あと他にも司は類の元にいるのには訳があるが、それは一度省略しよう。今重要なことはそんな愛おしい龍神様のご機嫌を直してあげることが先決だ。
「ごめんね司くん。お詫びとはなんだけど、この間美味しそうな団子屋さんを見つけたんだ。是非これから一緒にいかないかい?」
「……! フ、フン! 別に団子如きでオレの機嫌がよくなるわけなかろう!」
「……そうかい、残念だよ……。珍しい組み合わせの三色団子や美味しいと評判の小豆団子を司くんと一緒に食べることが出来たら思い出にもなるし、きっと美味しいだろうなと思ったんだけれどね。仕方ない。今から僕1人で買ってくるから司くんは待ってておくれ」
類は少ししょんぼりとした顔をしたまま部屋から出ていこうとすると、司は「ま、待て!」と類の服を引っ張る。
「い、行かないとは、行ってないだろう……」
そう少し恥ずかしそうに呟く神様の姿に(チョロくてかわいいなあ……)と心の中で思う類であった。
***
「はい、司くん。熱いから気をつけてね」
「うむ!」
あれからお出かけすることがやはり嬉しかったすっかりご機嫌になった司は、空中でフワフワと漂ったまま嬉しそうに類から三色団子を受け取った。そしてその大きな口でパクリと食べてみれば、紫の紫芋味、緑の抹茶味、桃色の桜味とそれぞれの色と味がとても美味しかったのか、「ん〜〜‼️」と声を漏らしながら噛み締めていた。そんな司にまたもう1本団子を差し出しつつ、類も小豆団子を一口味わってみると、もちっとした団子の食感に甘すぎない小豆の味が広がり、思わずその美味しさに笑顔が綻ぶ。
「類! これ、美味しいな‼️ また食べたい‼️」
「フフ、そうだね。僕も想像以上に美味しかったよ。あとで両親にも買っていってあげようかな」
「オレの分も頼むぞ!」
「もちろんだよ」
そう言って寒空の下だが、人気のない小さな公園ほっこりと温まる世界で2人仲良く団子を食べていると、ふと司がピクリとその耳を動かしたかと思えば、遠くを見つめるその表情は先程とは打って変わって真剣そのものだ。
「む……。類、アイツが出た」
「おや、せっかくの2人の楽しいおやつの時間だというのにねえ。まあ食後の運動には丁度いいかもしれないかな」
類はどこか不敵に笑うと、手に持った団子をペロリと食べ切る。どこか先程まで穏やかだった風が少しずつその強さを増し、ぶわりと強い風が2人を包む。

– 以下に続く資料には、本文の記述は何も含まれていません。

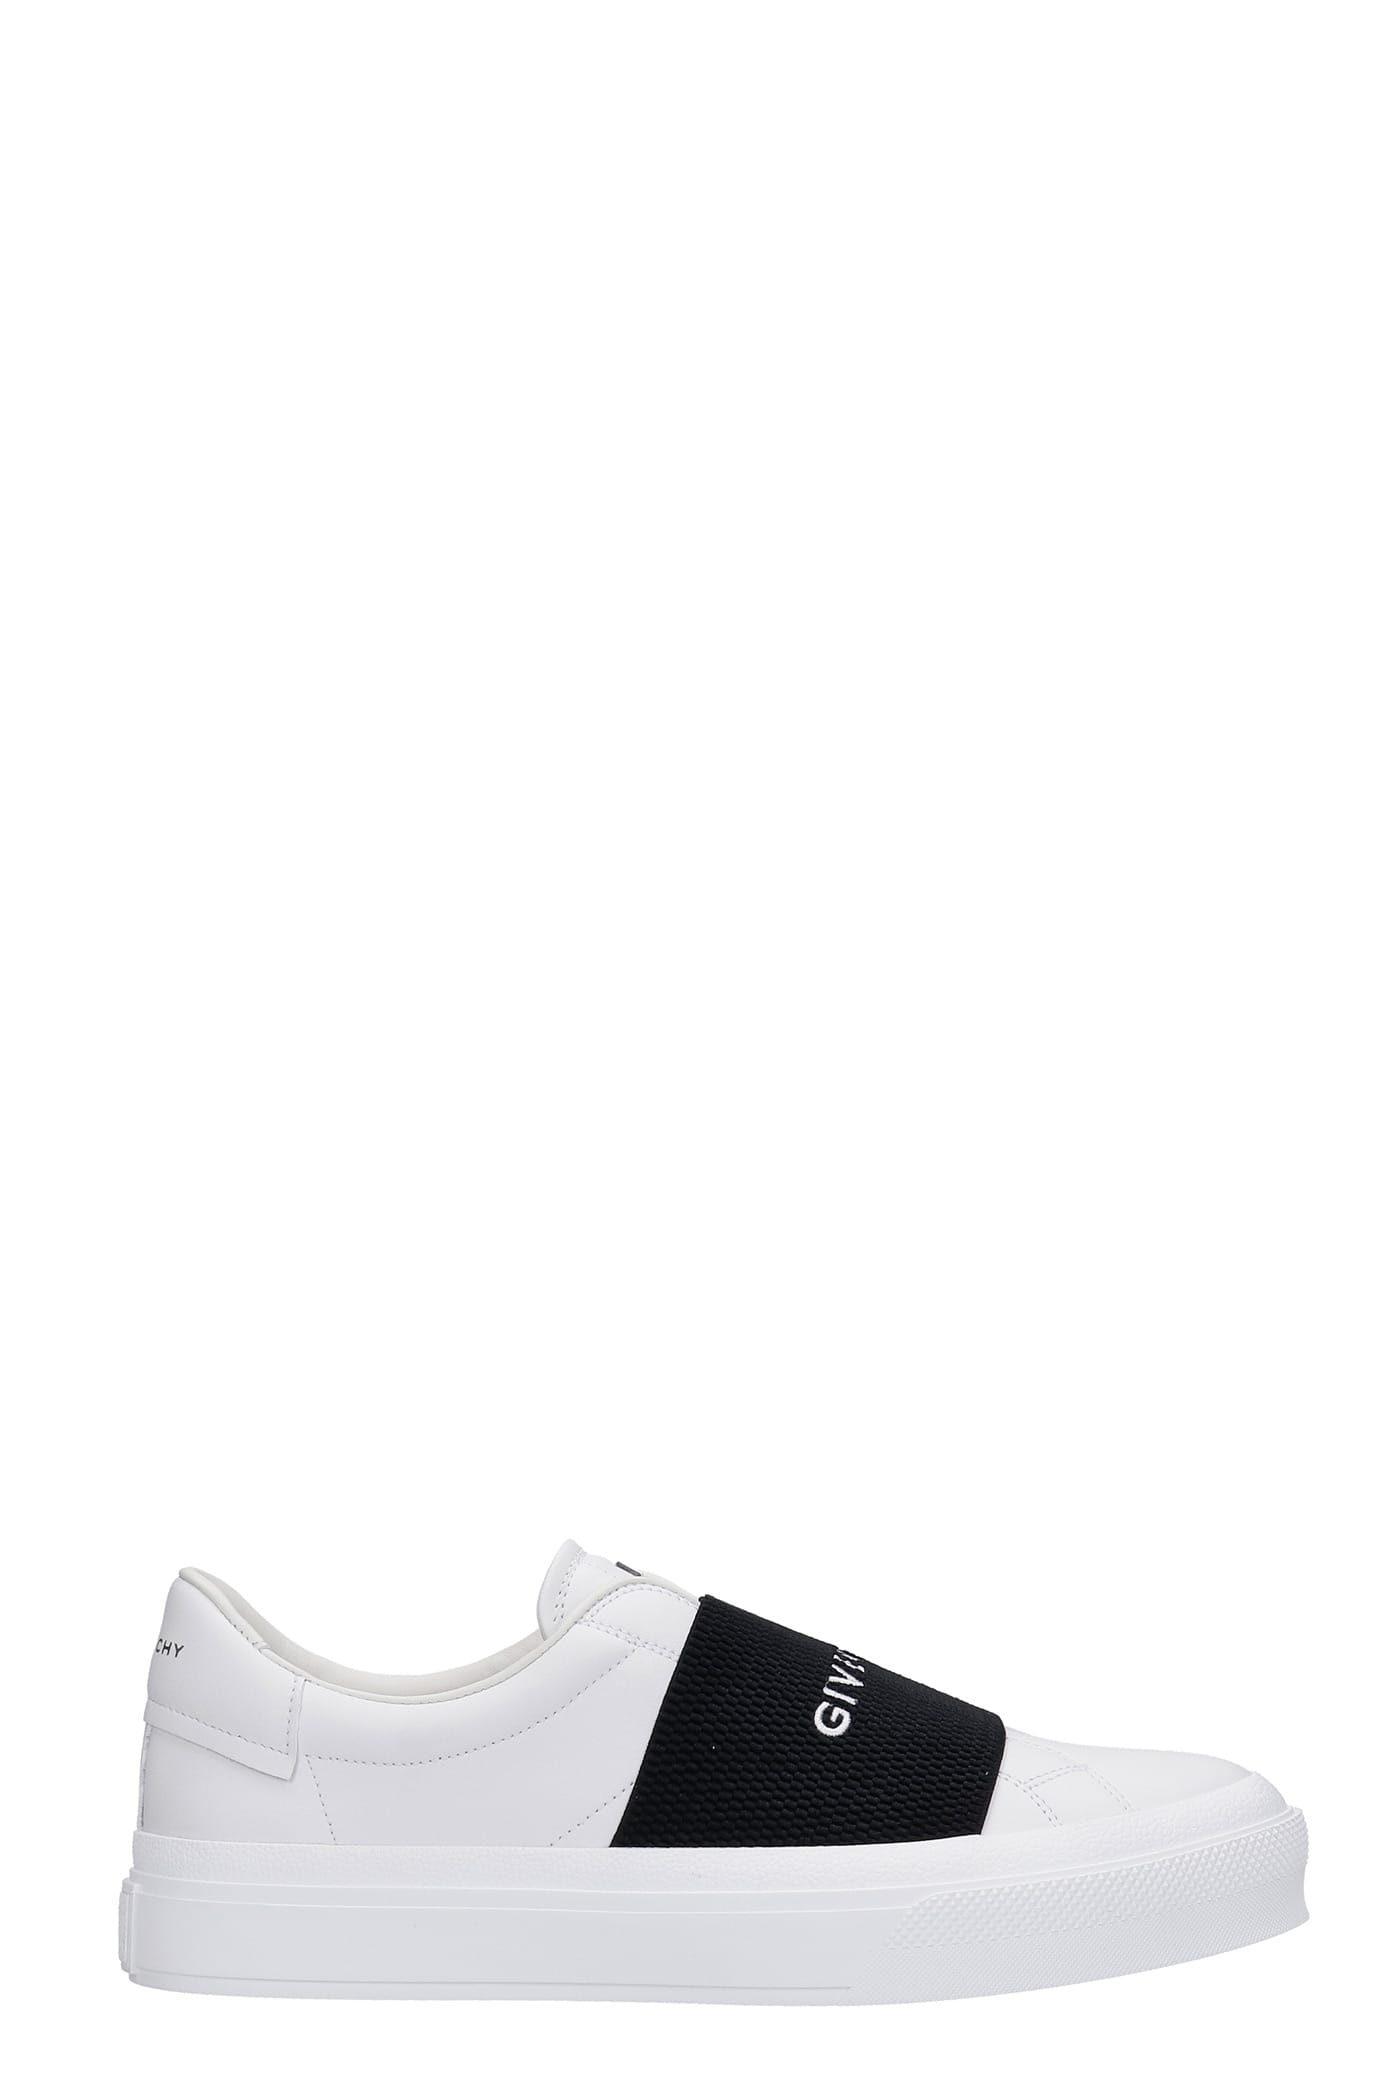 Givenchy City Court Sneakers In White Leather

類は司に対し軽く跪くように手を差し出せば、司はその類の人差し指をかぷりと噛み、少しだけ赤い血が指先から伝った。
そして類の血が滲む舌で、神詞を唱える。
「我が名は司。龍神の血盟をもって、神の力をその身に降とす許可を与える」
すると、2人を包む風が少しづつ強くなれば、まるで竜巻のように渦を巻き、類の姿を見えなくしてしまったではないか。だが次の瞬間、その竜巻は『キン……!』という軽やかな金属音が聞こえたと同時に真っ二つに切り裂かれ消滅した。

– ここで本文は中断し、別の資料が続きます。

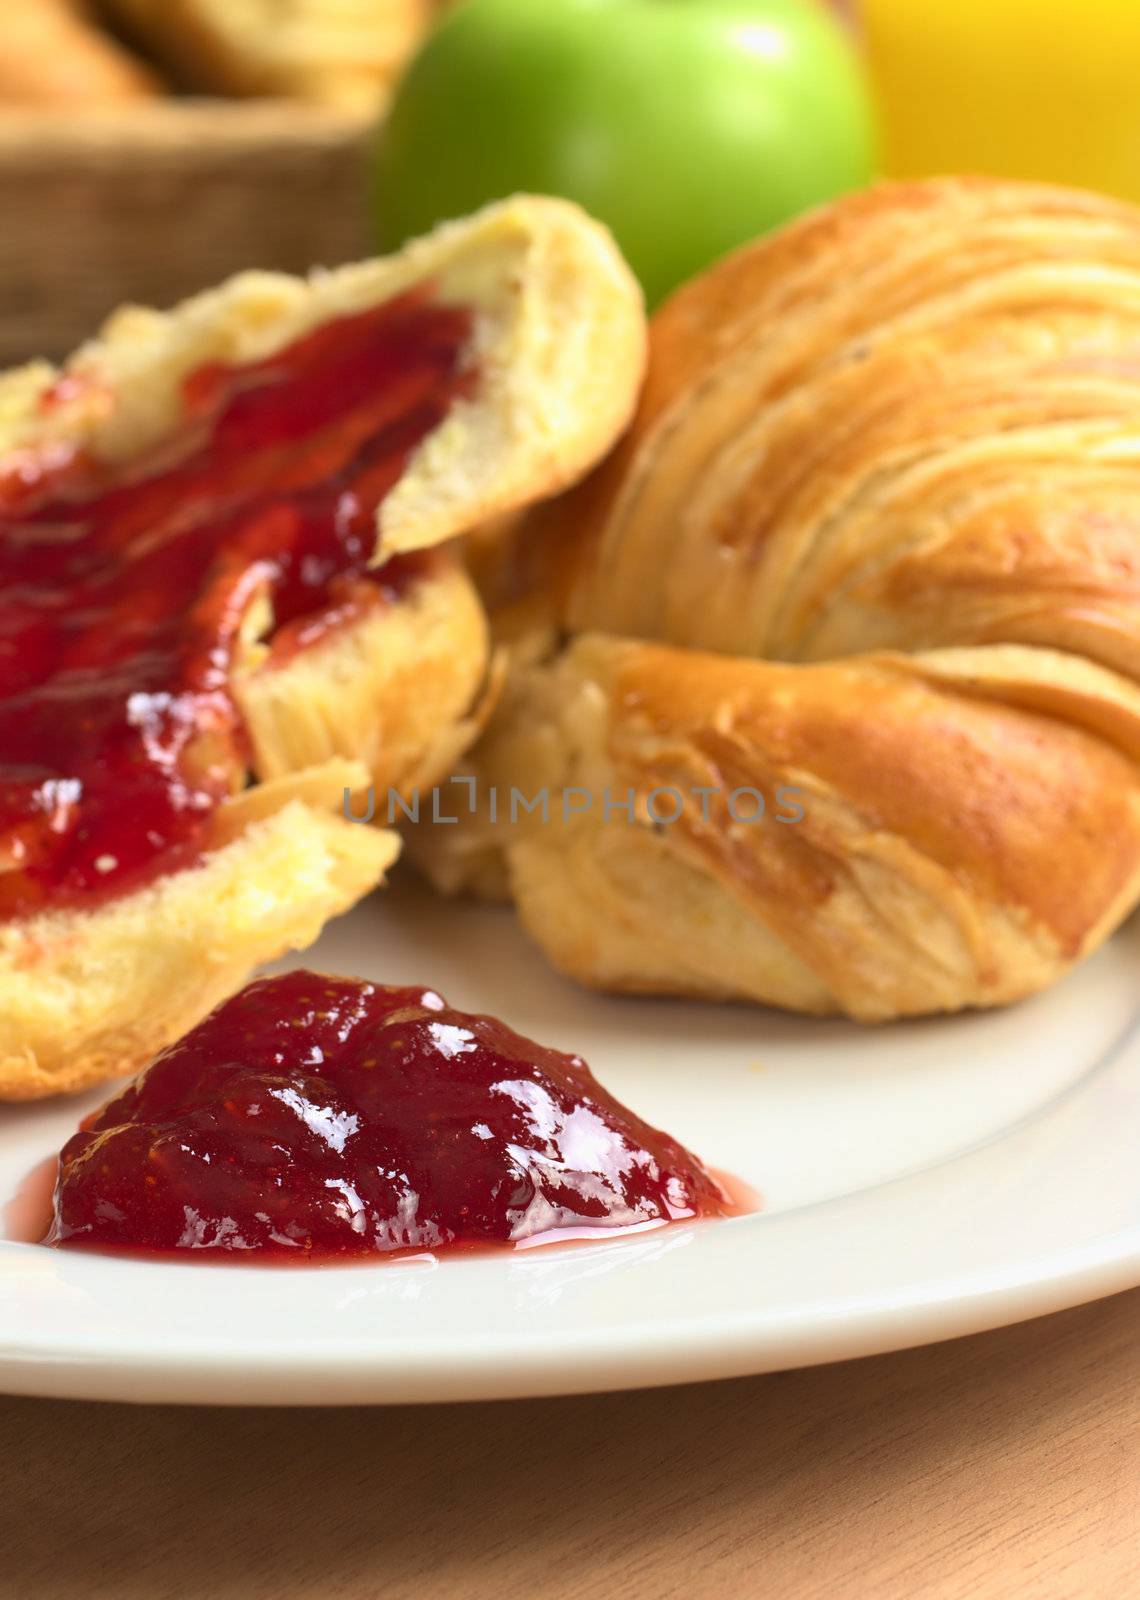 Strawberry jam on plate with croissant green apple and orange juice in the back (Selective Focus, Focus on the front of the jam pile)

そして、そこには何事も無かったかのように佇む、今どきには珍しい、白い羽織と青色が所々に映えた、黒地の和装を着こなす類であった。その手には少し日が落ちた太陽を反射し煌めく一本の刀が握られている。類は慣れた様子で納刀すれば、芝居がかった動きで司の手を取る。
「では、ケガレ退治といこうか。僕の神様?」
「ああ、頼りにしてるぞ類」
その言葉と共に2人は再び吹き荒れた風に乗り、気づけばその姿は消えていたのだった。